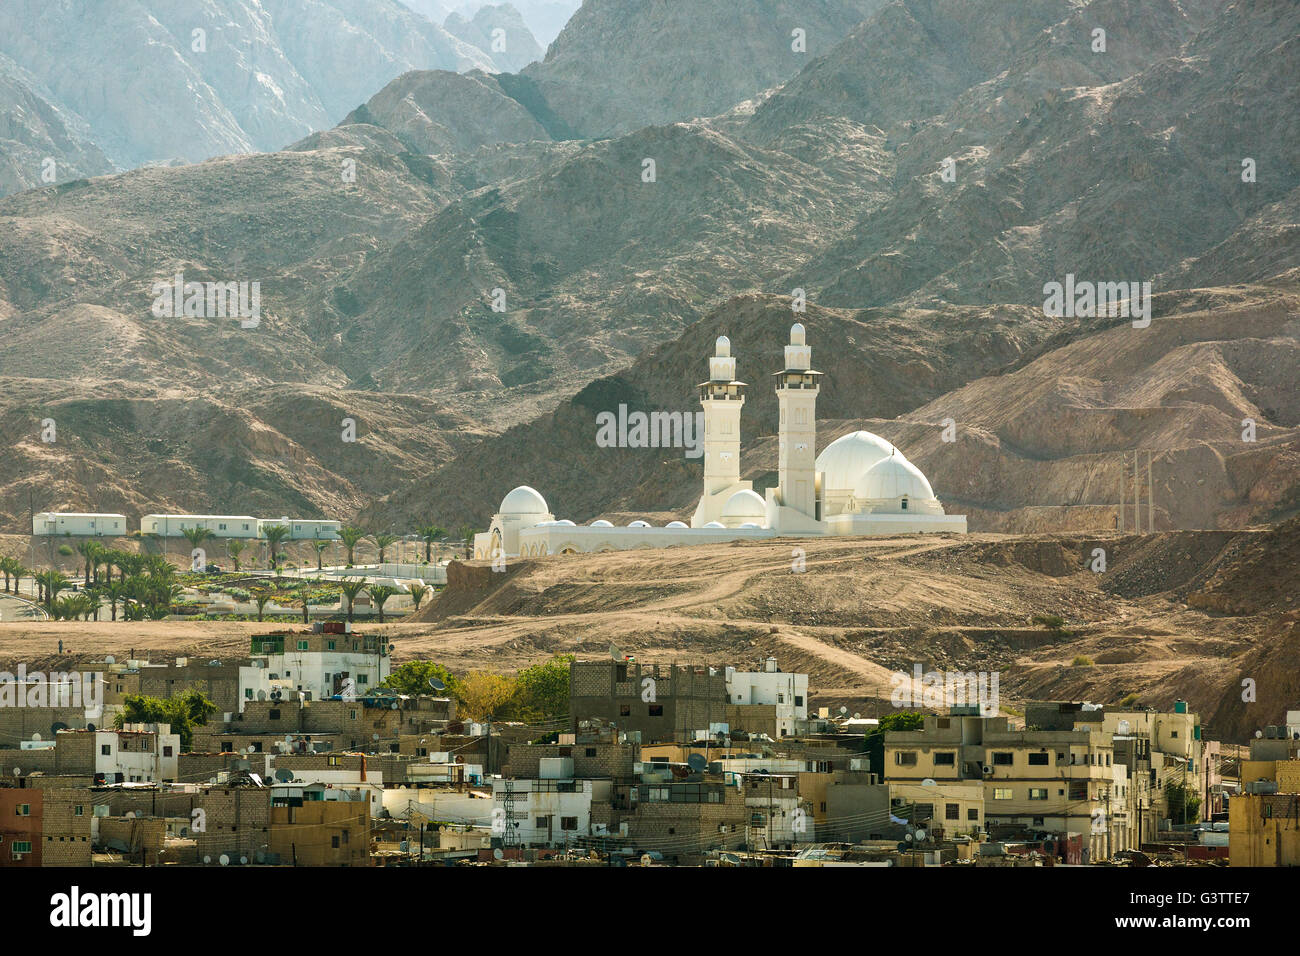 Jordan - the Al-Sharif Al-Hussein bin Al Mosque - Stock Image
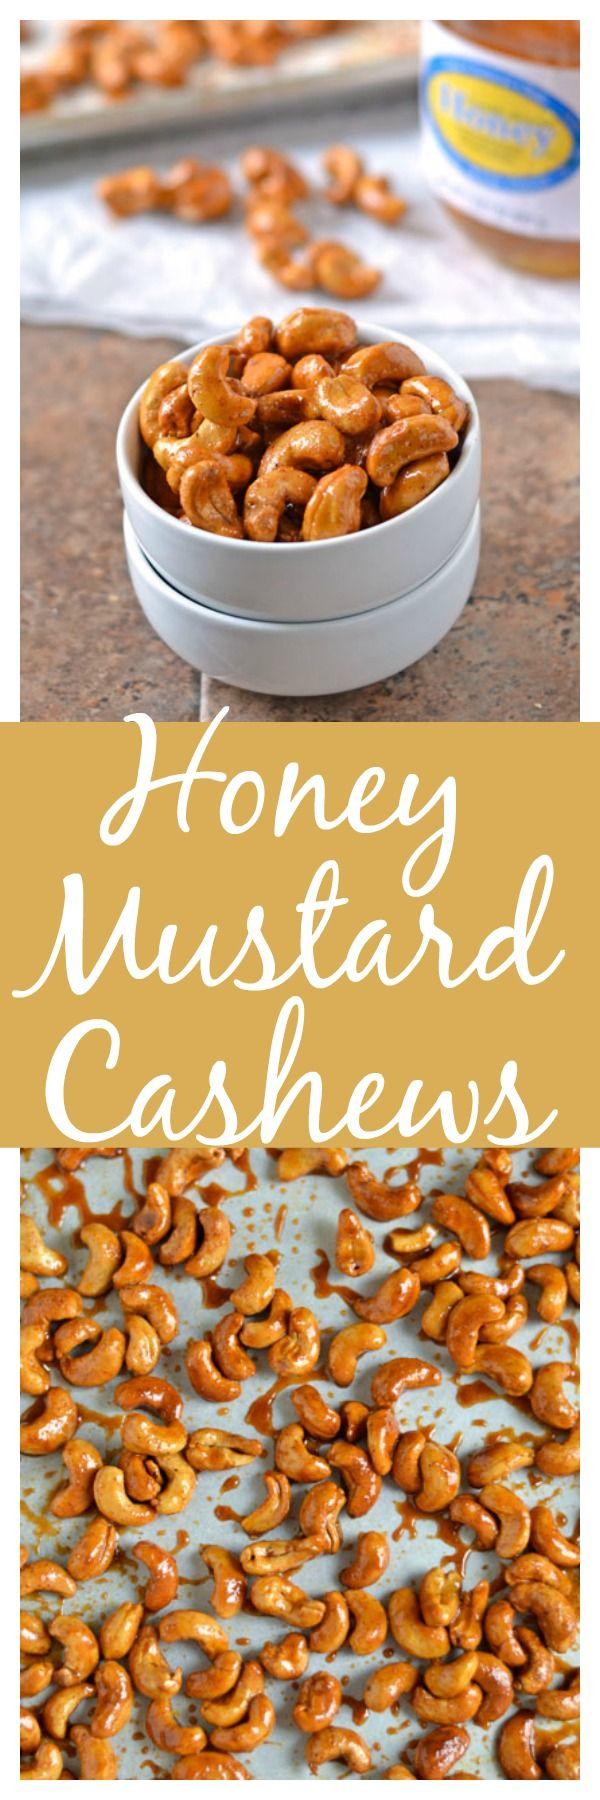 Honey Mustard Cashews. A little honey and heat make these cashews absolutely irresistible!
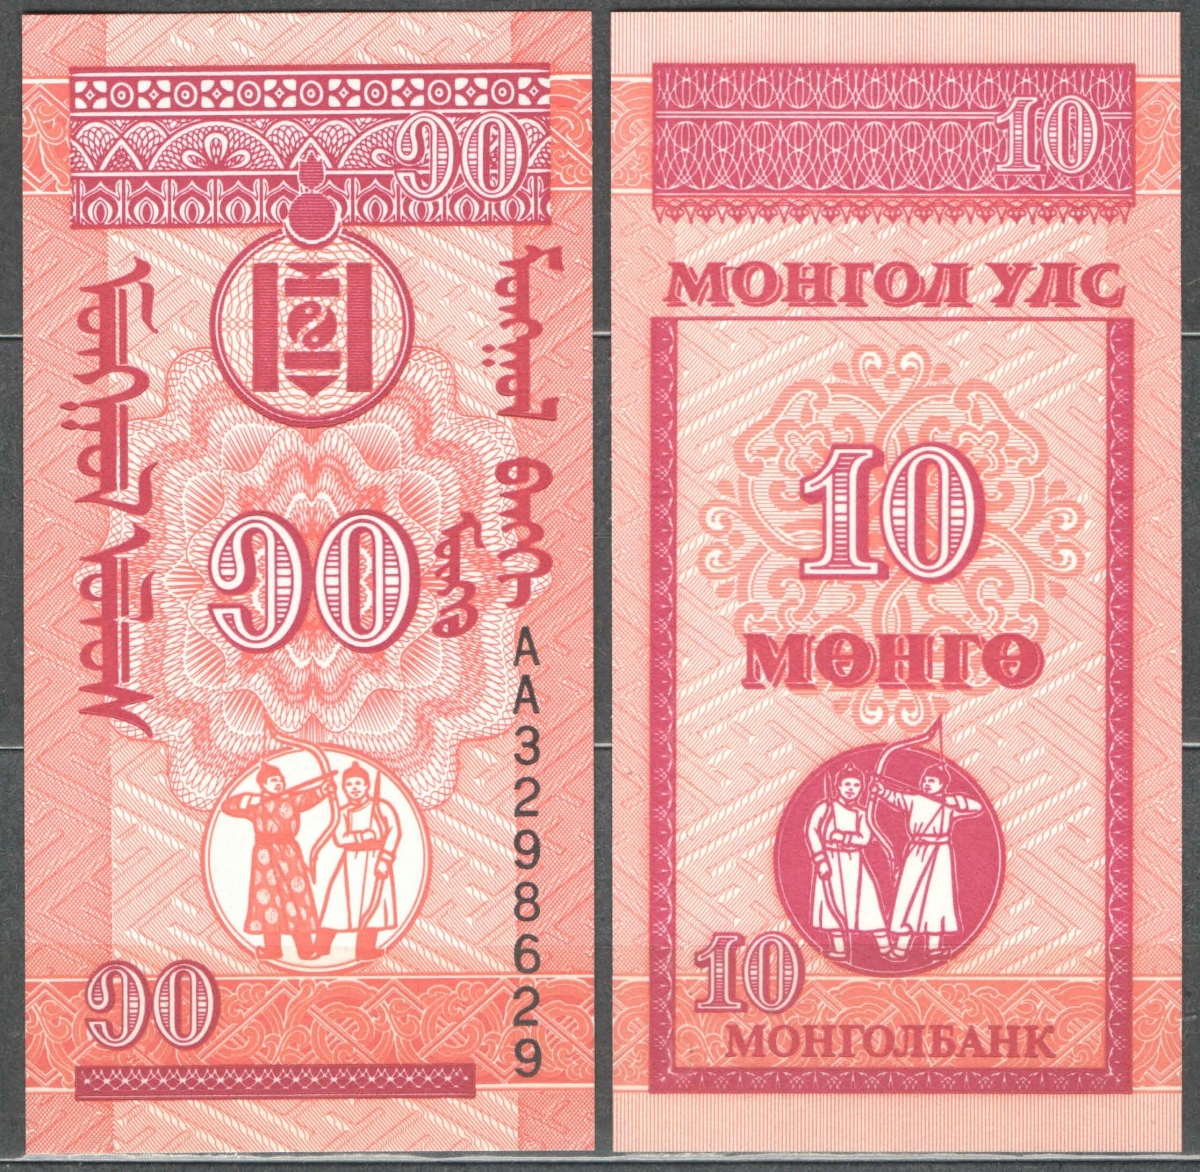 Mongolia - P- 49 - 10 mongo - 1993 - seria AA

------------------------------------------------

### AIM OF THE EXERCISE
Exclude all images and retype the data precisely.

### WRITTEN REPLY
 Jordan - the Al-Sharif Al-Hussein bin Al Mosque - Stock Image
 Honey Mustard Cashews. A little honey and heat make these cashews absolutely irresistible!
 Mongolia - P- 49 - 10 mongo - 1993 - seria AA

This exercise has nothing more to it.